Washington Nationals – No. 75
- Pitcher
- Born: January 5, 1998 (age 28) Orem, Utah, U.S.
- Bats: RightThrows: Right

MLB debut
- April 20, 2025, for the Toronto Blue Jays

MLB statistics (through July 27, 2026)
- Win–loss record: 1–2
- Earned run average: 5.11
- Strikeouts: 59
- Stats at Baseball Reference

Teams
- Toronto Blue Jays (2025); Washington Nationals (2026–present);

= Paxton Schultz =

American baseball player (born 1998)

Paxton James Schultz (born January 5, 1998) is an American professional baseball pitcher for the Washington Nationals of Major League Baseball (MLB). He has previously played in MLB for the Toronto Blue Jays.

==Career==
===Amateur===
Schultz attended Orem High School in Orem, Utah, and Utah Valley University, where he played college baseball for the Utah Valley Wolverines. He graduated magna cum laude with a bachelor's degree in finance.

===Milwaukee Brewers===
The Milwaukee Brewers selected him in the 14th round, with the 443rd overall pick, of the 2019 Major League Baseball draft. He made his professional debut with the rookie-level Rocky Mountain Vibes, logging a 1-3 record and 3.86 ERA with 22 strikeouts in 23 1/3 innings pitched across nine games. Schultz did not play in a game in 2020 due to the cancellation of the minor league season because of the COVID-19 pandemic.

===Toronto Blue Jays===
On May 1, 2021, the Brewers sent Schultz to the Toronto Blue Jays as the player to be named later in their previous trade for Derek Fisher.

On April 20, 2025, Schultz was selected to the 40-man roster and promoted to the major leagues for the first time.
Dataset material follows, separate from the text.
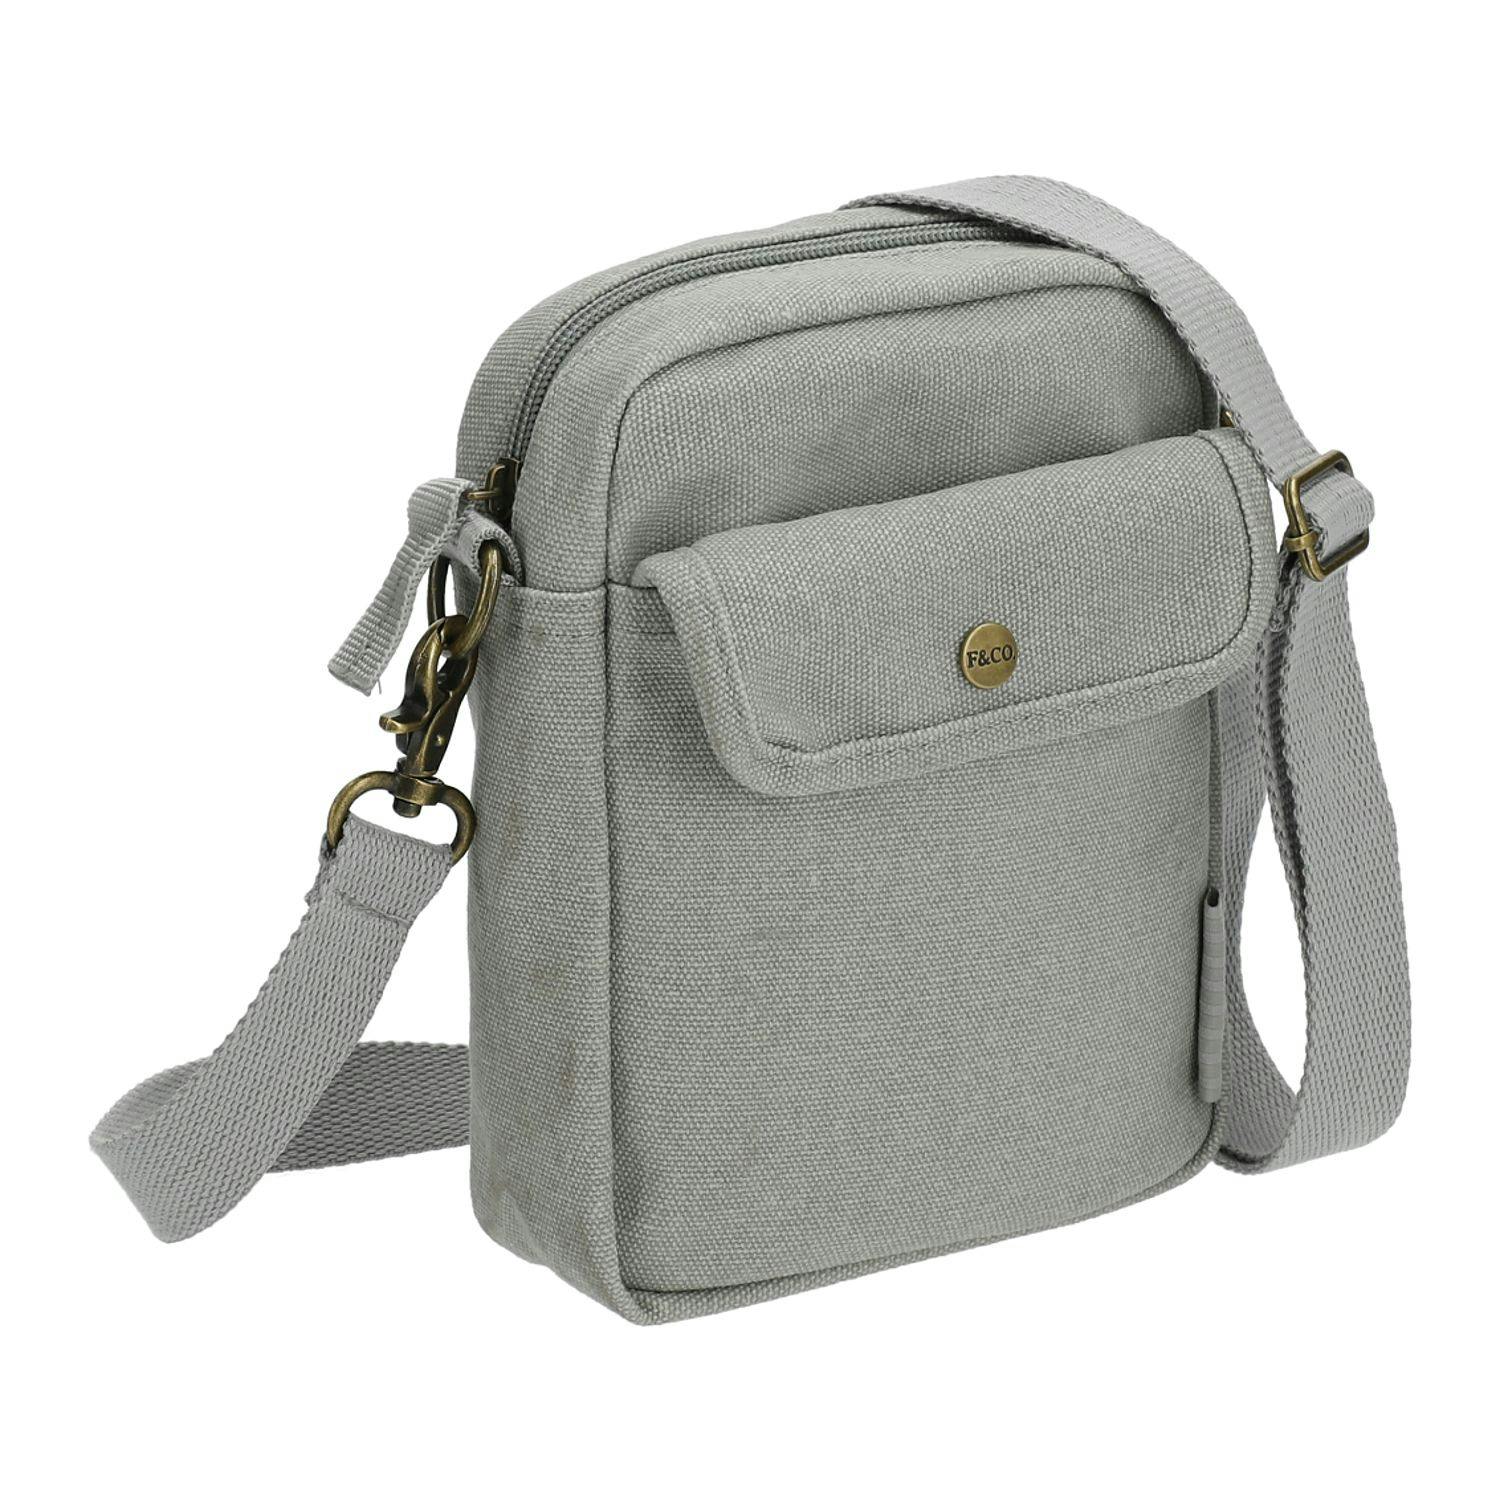 Field & Co Campus Cotton Crossbody Tote - additional Image 1
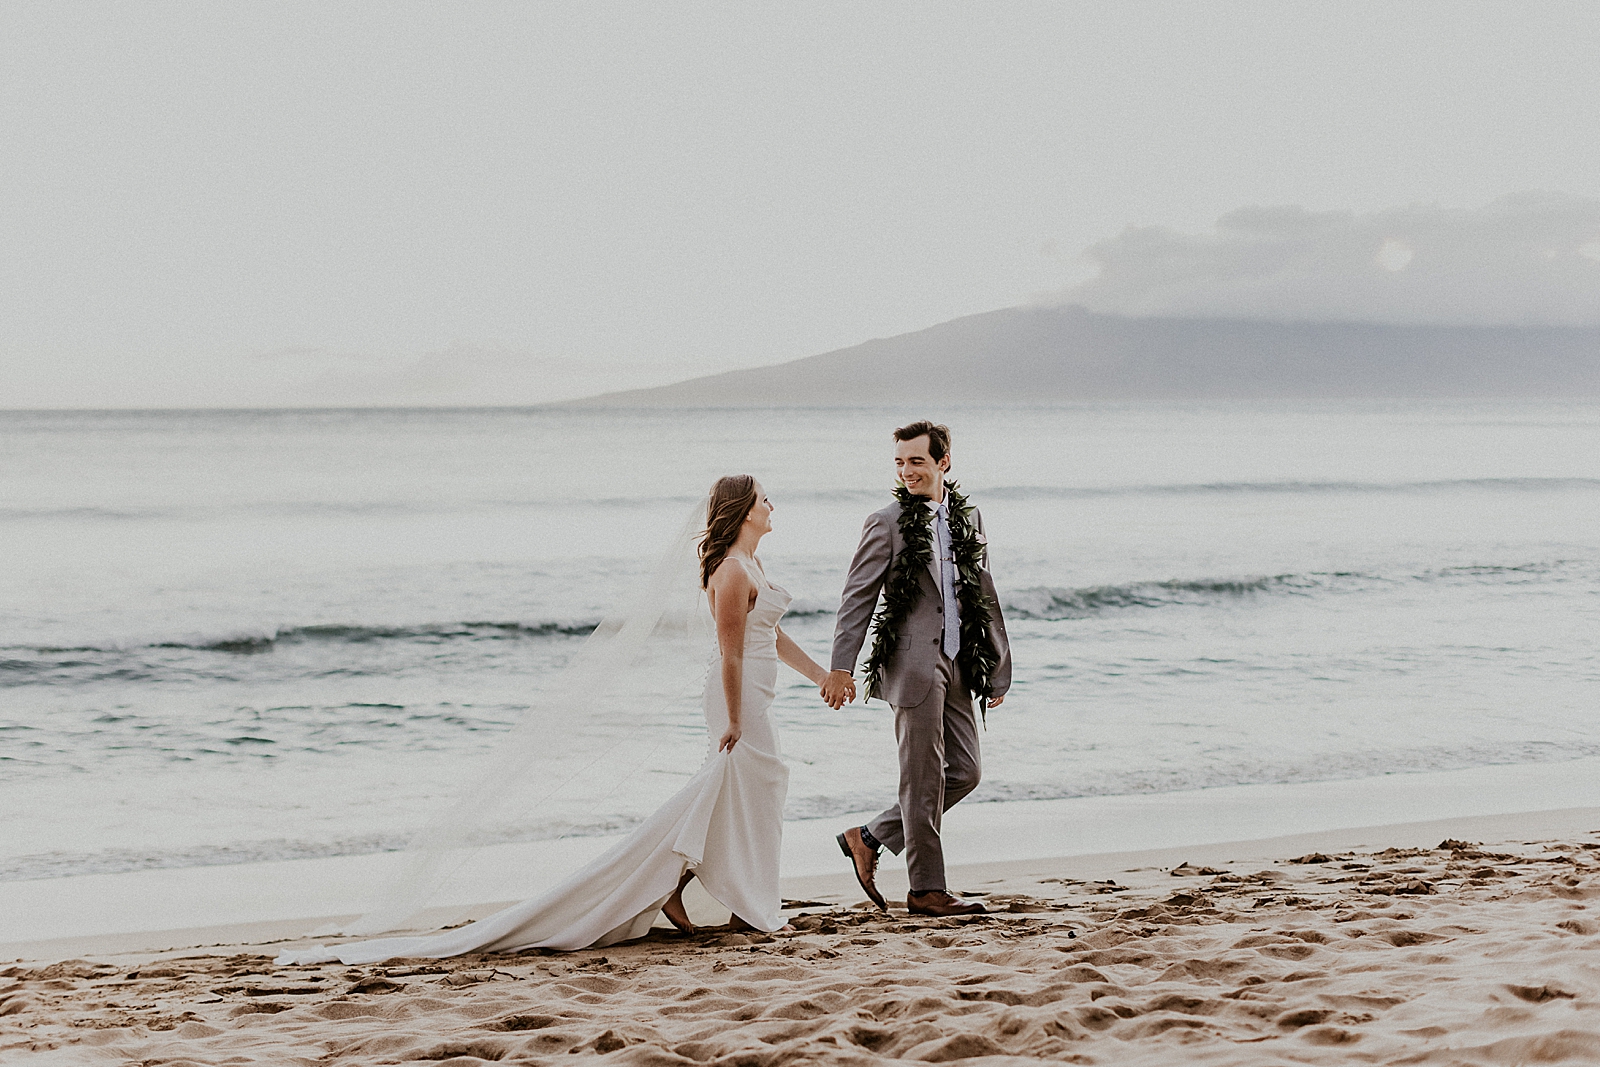 Bride and Groom holding hands and walking by the ocean on the beach

He made his debut later that day against the Seattle Mariners, pitching 4 1/3 innings and recording eight strikeouts, tying the MLB record for the most strikeouts by a relief pitcher in their major league debut. After being optioned twice to Buffalo in August, Schultz was recalled to the Blue Jays on September 25. In 13 total appearances for the Blue Jays during his rookie campaign, he recorded a 4.38 ERA with 28 strikeouts across 24 2/3 innings pitched. On January 4, 2026, Schultz was designated for assignment by Toronto following the signing of Kazuma Okamoto.

===Washington Nationals===
On January 9, 2026, Schultz was claimed off waivers by the Washington Nationals. Ahead of the regular season on March 23, Schultz was placed on the injured list due to right elbow inflammation.